Royal Space Force: The Wings of Honnêamise anime screenshot

Royal Space Force: The Wings of Honnêamise is the best full movie out of the anime industry you might never have heard of. It didn’t do as well at the box office as the producers had hoped. It almost bankrupted the newly formed Gainax, and it had a famously terrible marketing campaign.

Amazingly, despite all of that, it managed to rise above and become a sleeper hit in home video. It was nominated for – and won – a whole slew of awards. And most retrospectives today consider it to be an essential part of anime history. So let’s take a look at what this full movie is, and how it did that.

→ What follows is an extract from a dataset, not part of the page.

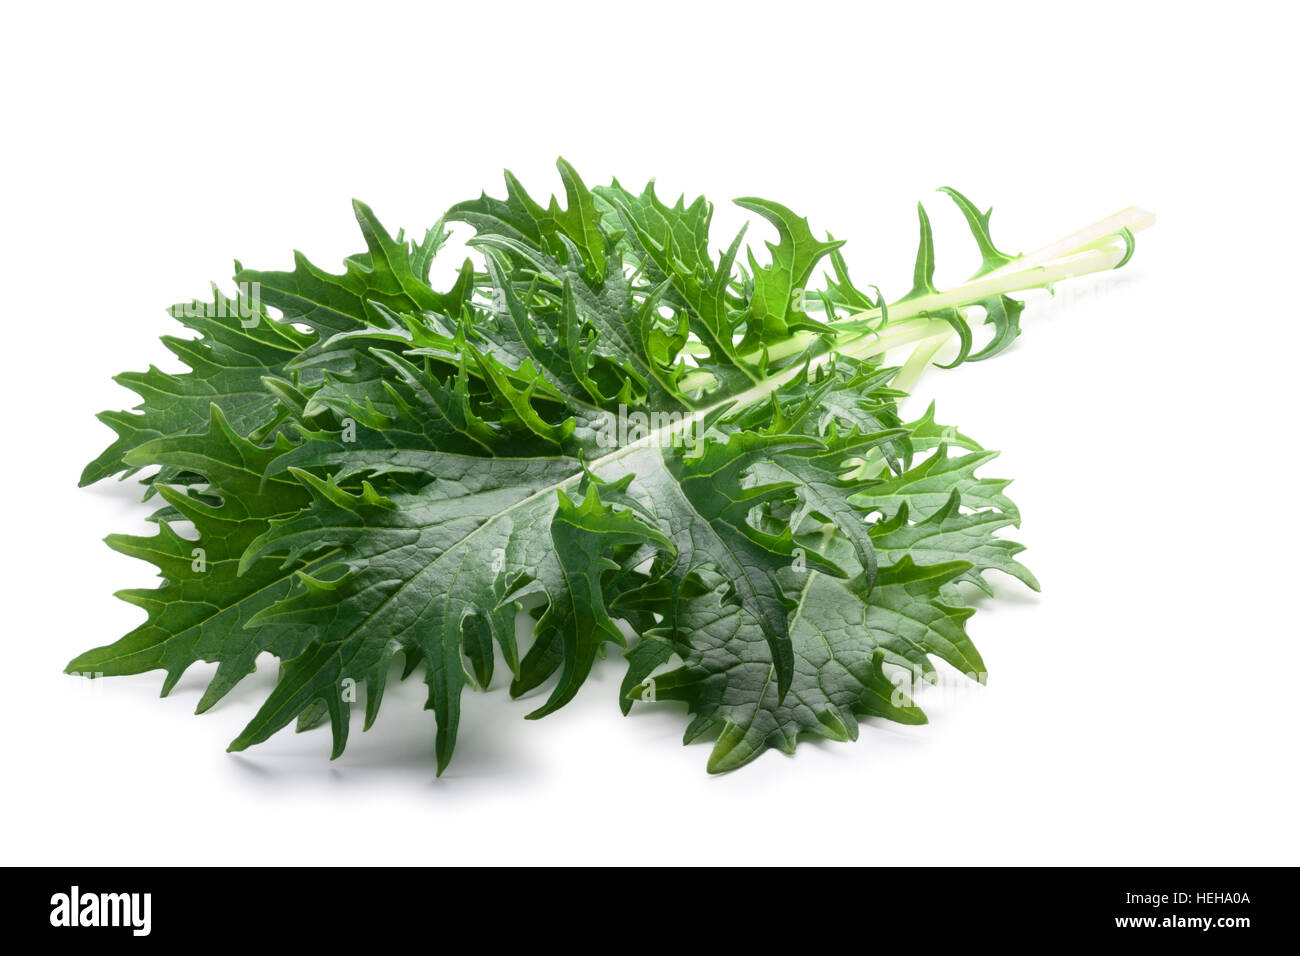 Reihe von grünen Blattsalat Mizuna (japanische Senf). Brassica Rapa Nipponsinica kultiviert Vielzahl. Schneidepfade, Schatten getrennt Stockfoto

Royal Space Force: The Wings of Honnêamise Full Movie Plot Synopsis

In a world that is similar to (but very specifically not) Earth, in the Kingdom of Honnêamise, lives a young man named Shirotsugh ‘Shiro’ Lhadatt. He had a normal, middle-class upbringing, is a little bit of a self-centered jock, and dreamed of flying jets for the navy when he was a kid but didn’t quite get the grades for it in school.

Instead, Shiro is a cadet in the Royal Space Force, a unit that is tiny, underfunded, and depressing as no one in that world had yet been to space. The commander, General Khaidenn, and chief engineer, Dr. Gnomm, want to send humans into orbit as a last ditch effort to save the program, even though they struggle to so much as launch an unmanned satellite.

One night, wandering the streets after the funeral of a fellow cadet, Shiro comes across a woman named Riquinni Nonderaiko. She lives with a little girl named Manna and is preaching in the red-light district.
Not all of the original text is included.